Как жить с французом? - читать онлайн книгу. Автор: Дарья Мийе cтр.№ 75

читать книги онлайн бесплатно
 
 

Онлайн книга - Как жить с французом? | Автор книги - Дарья Мийе

Cтраница 75
читать онлайн книги бесплатно

— Так, Кьяра Гийомовна, это что за выходки?! — протрубила я грозно, и все детские головки обернулись в мою сторону. Лука испуганно отпустил руль самоката.

В моменты гнева я называю дочку по имени-отчеству: на мой взгляд, это должно призывать ее к ответственности.
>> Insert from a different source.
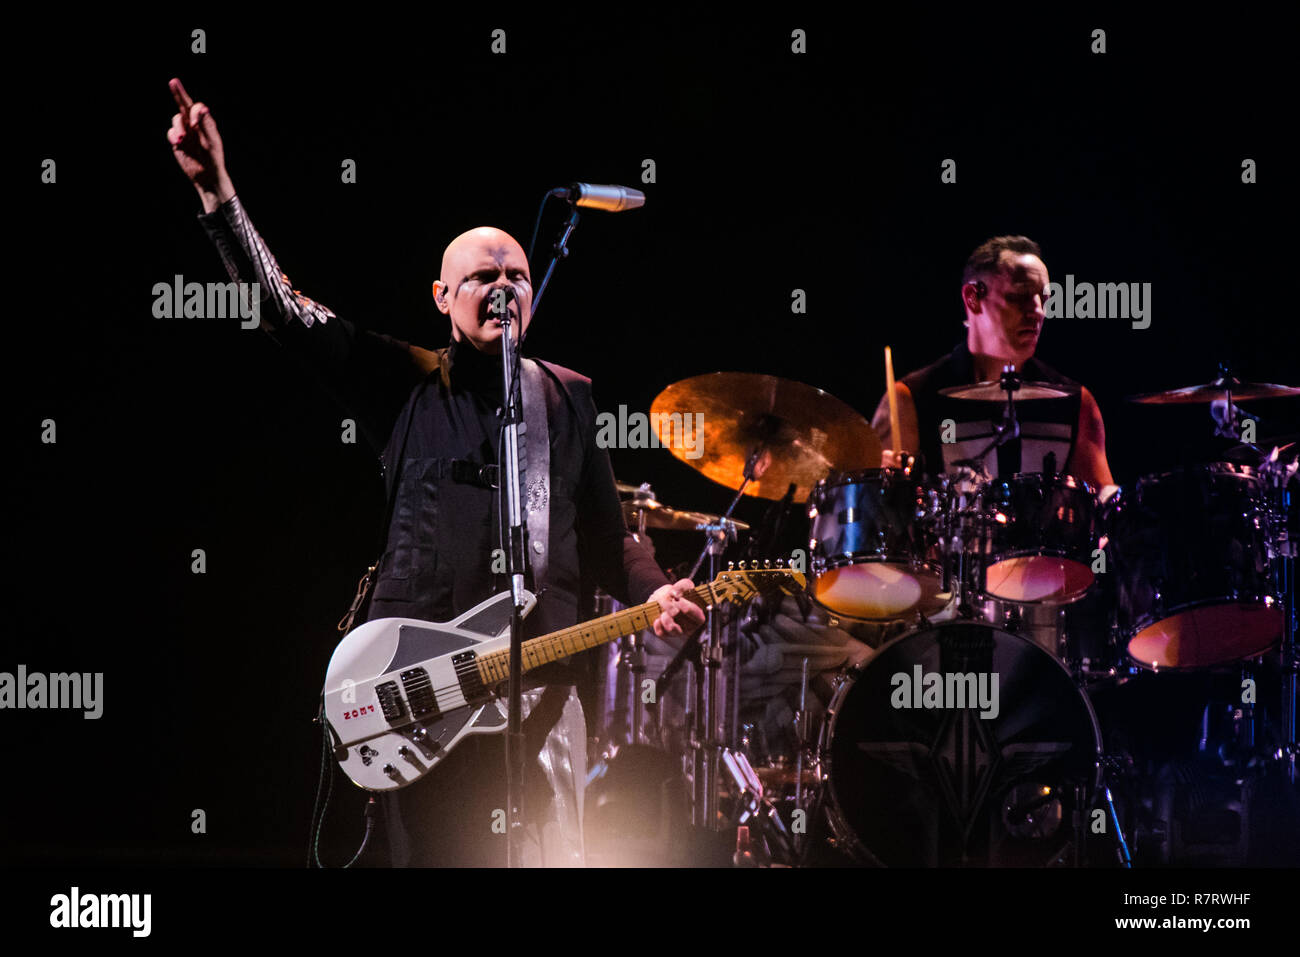 Billy Corgan and Jimmy Chamberlin of the American rock band The Smashing Pumpkins performing live on stage in Bologna for their reunion tour 2018 Stock Photo

Она и вправду тут же устыдилась своего поведения, не достойного взрослого двухлетнего человека, покаянно села на добытый самокат, всем своим видом давая понять, что он ей теперь совсем не нужен — просто подвернулся под попу.

— Кьяра Гийомовна — это сильно, — рассмеялась Людмила. — И главное, как действует! Мой вот Лукьян Рафаэлиевич… Сплошь мягкие звуки, никакого воспитательного эффекта!
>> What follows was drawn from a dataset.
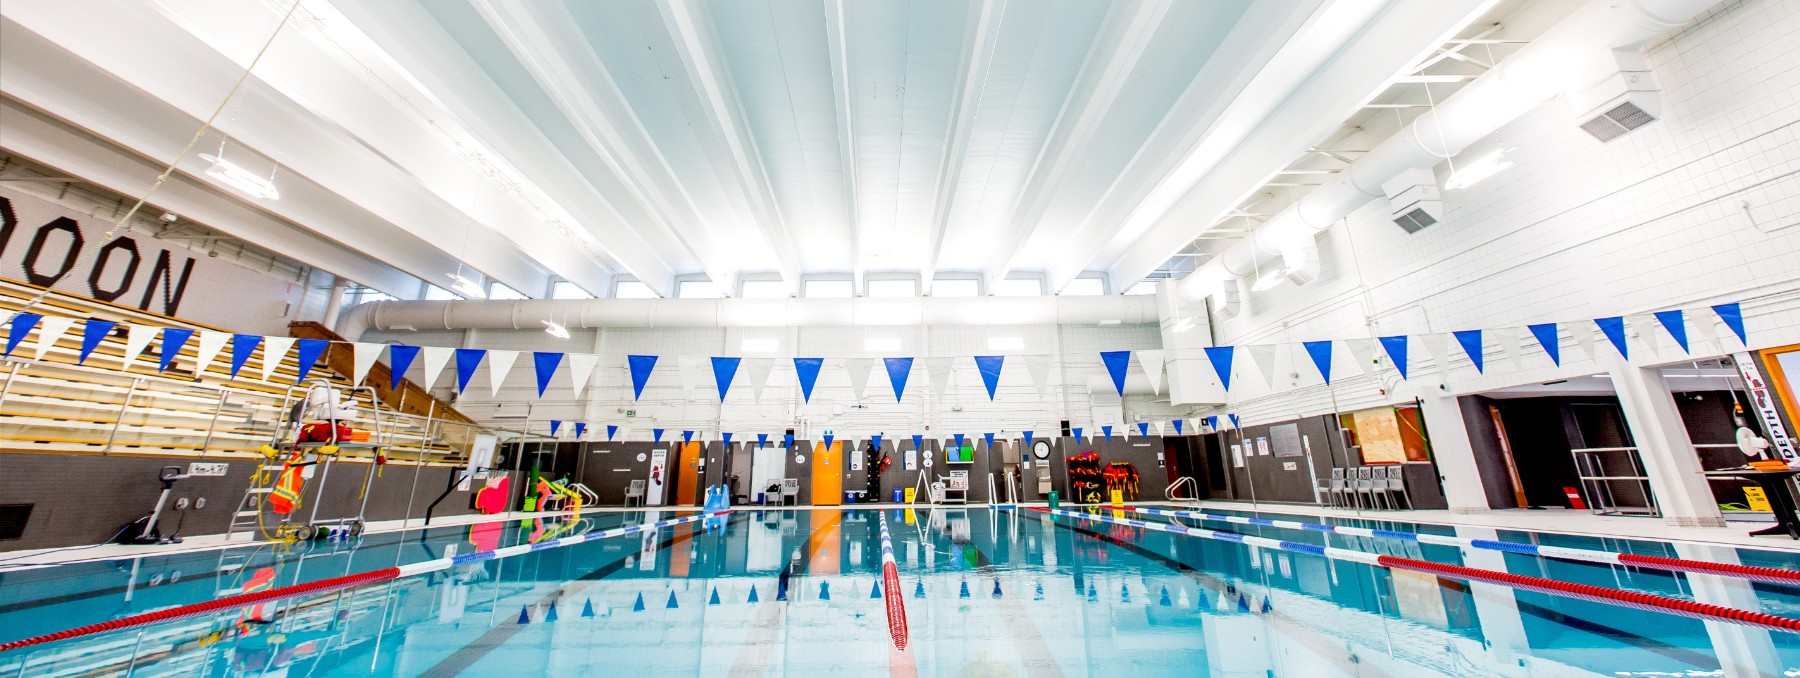 A photo of backstroke flags hanging above a large, bright blue pool under a bright white lit up ceiling.

— Рафаэль вообще рядом со всем нежно звучит, — поддакнула я. И задумалась. Куски пазла складывались в неожиданную картину.

— Да уж, — немного грустно произнесла Люда. — Когда я его в загсе оформляла, нас сразу внесли в список редких имен. А отчество переписывали три раза, представляешь? То «е» вместо «э» писали, то «и» после «л» забывали, то мягким знаком это «и» норовили заменить… Но я отстояла! Не зря у нас в институте был специальный курс транслитерирования иностранных имен под руководством…
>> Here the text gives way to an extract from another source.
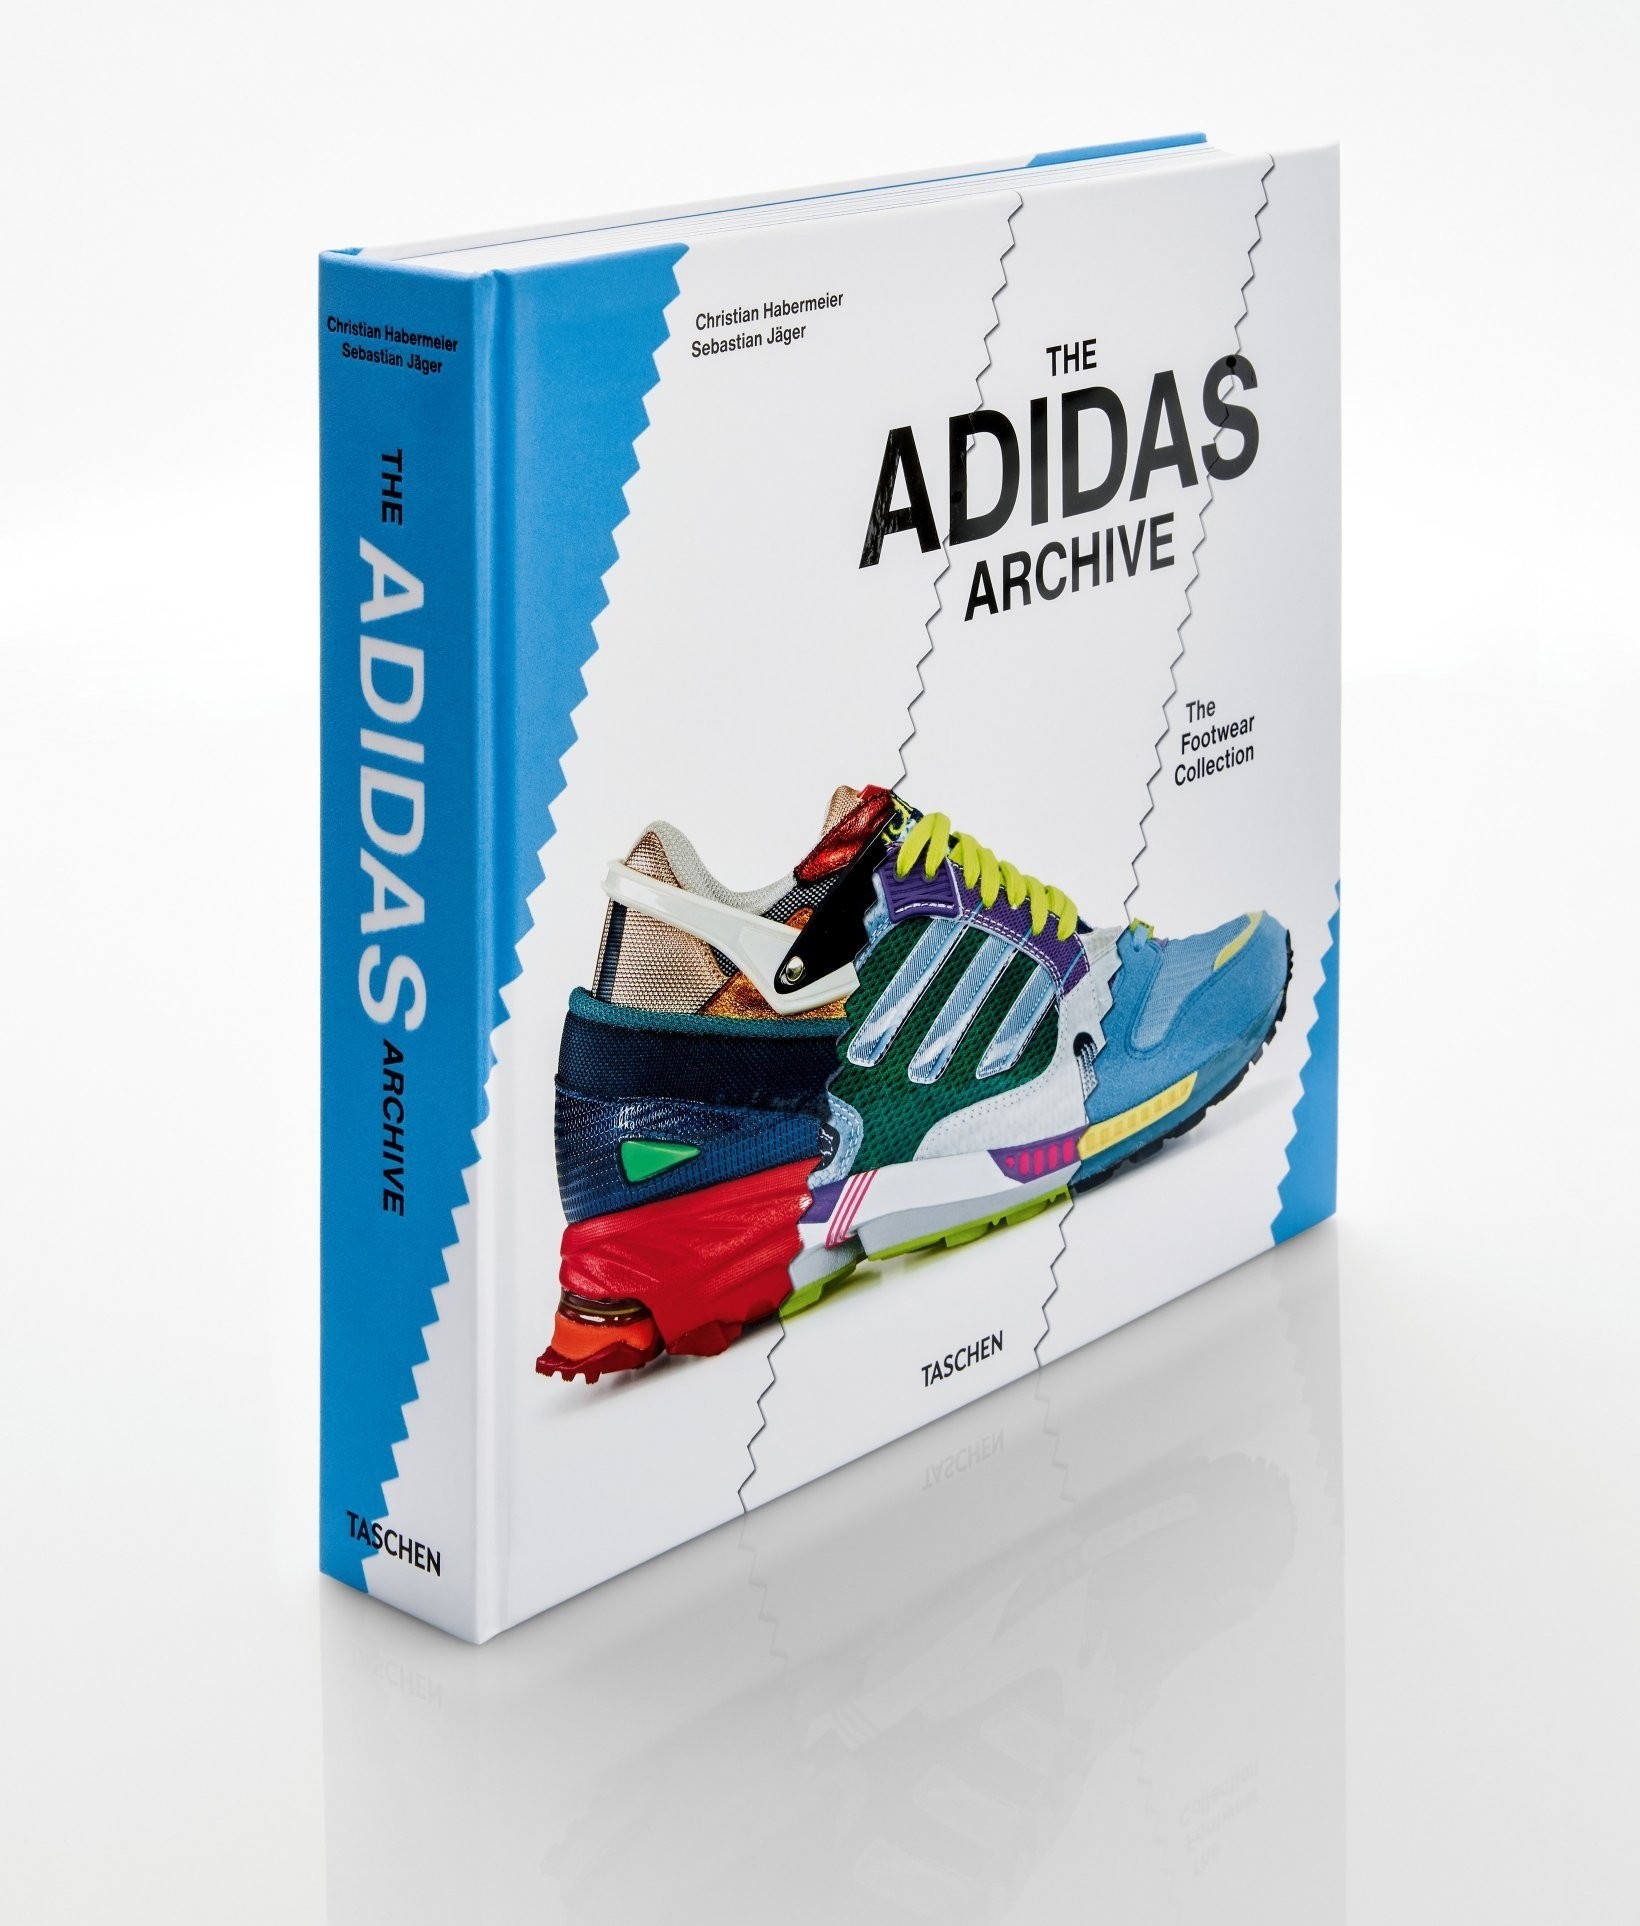 lluvia construir Responder The Adidas Archive. The Footwear Collection Book

— А хочешь, я расскажу, как твой муж сделал тебе предложение?! — перебила я, озаренная догадкой.

Люда удивленно посмотрела на меня:

— Вряд ли у тебя получится. Как и подобает человеку с таким именем, он сделал это очень красиво и необычно! Не на Эйфелевой башне, если ты об этом.

Я замотала головой:

— Конечно же не на Эйфелевой башне. Это было теплым июльским вечером, вы прогуливались в Ботаническом саду, дошли до карусели и засмотрелись на катающихся детей. Вы тогда часто засматривались на детей, ведь ты была на пятом-шестом месяце беременности. А потом он предложил сесть…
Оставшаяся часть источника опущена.